J.M.W. Turner @ the Metropolitan Museum
The Metropolitan Museum of Art’s “J.M.W. Turner” is a beast of a show. With nearly 150 works in oil and watercolor spanning more than half a century, it will either win you over or wear you out. Or it will alternate, gallery by gallery, or wall by wall, as the art swings between overblown and moving, inspired and mechanical.
“Snow Storm: Hannibal and his Army Crossing the Alps” by artist Joseph William Mallord Turner. Photo: Tate, London
In the history of Western painting, the great British artist Joseph William Mallord Turner (1775-1851) looms as a prodigiously gifted, productive and innovative figure. His complex legacy reflects his interests not only as an artist, but as a poet, naturalist, philosopher and lover of music and theater.
”View of London from Greenwich” (circa 1825). Photo: Metropolitan Museum of Art
His paintings of storms at sea or Alpine plunges are early examples of the natural sublime; his squalls of paint presage the Romantics, the Realists, the Impressionists and even the Abstract Expressionists. He built luminosity into his canvases by painting on white grounds (rather than the traditional black), and he used color as color and paint as paint more directly than anyone before him.
“The Shipwreck”. Photo: Tate, London
Turner’s works pop out when seen one at a time in a museum collection. Seeing them in bulk is another matter. His innovations can be dulled by its repetitiveness and unvarying skill. In the present Turner’s achievement still seems to be up for grabs, something to fight about, which adds excitement to the ups and downs of the Met show.

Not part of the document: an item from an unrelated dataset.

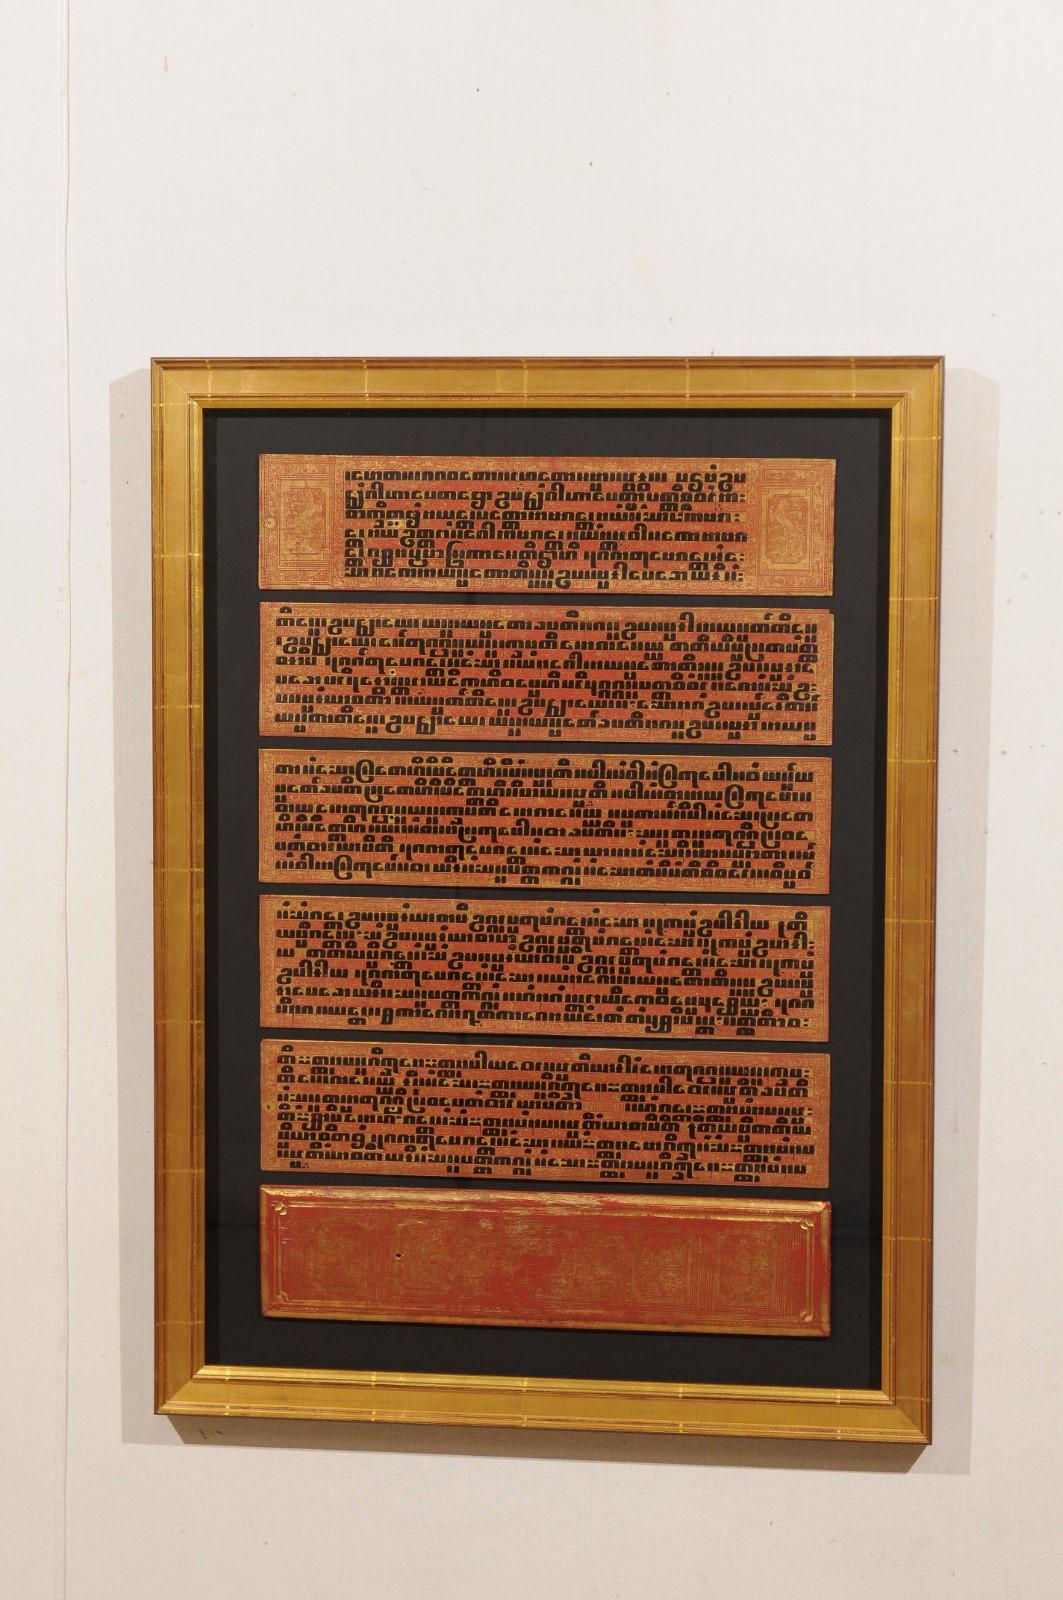 A fabulous collection of 19th century Buddhist manuscripts artistically displayed within custom frames. This collection of three framed wall art hangings each contain a section of a 19th century manuscripts written in Kammavaca, a sacred religious

”Fishermen at Sea” Photo: Tate, London
Turner (1775-1851) rode the cusp of art history as if it were a great wave crashing through one of his seascapes, and this show rides it with him. He sketched incessantly from the age of 10; he was already honing his watercolor technique when he was admitted to the Royal Academy at the age of 14 (in 1789). He became a full member in 1802 at the age of 26.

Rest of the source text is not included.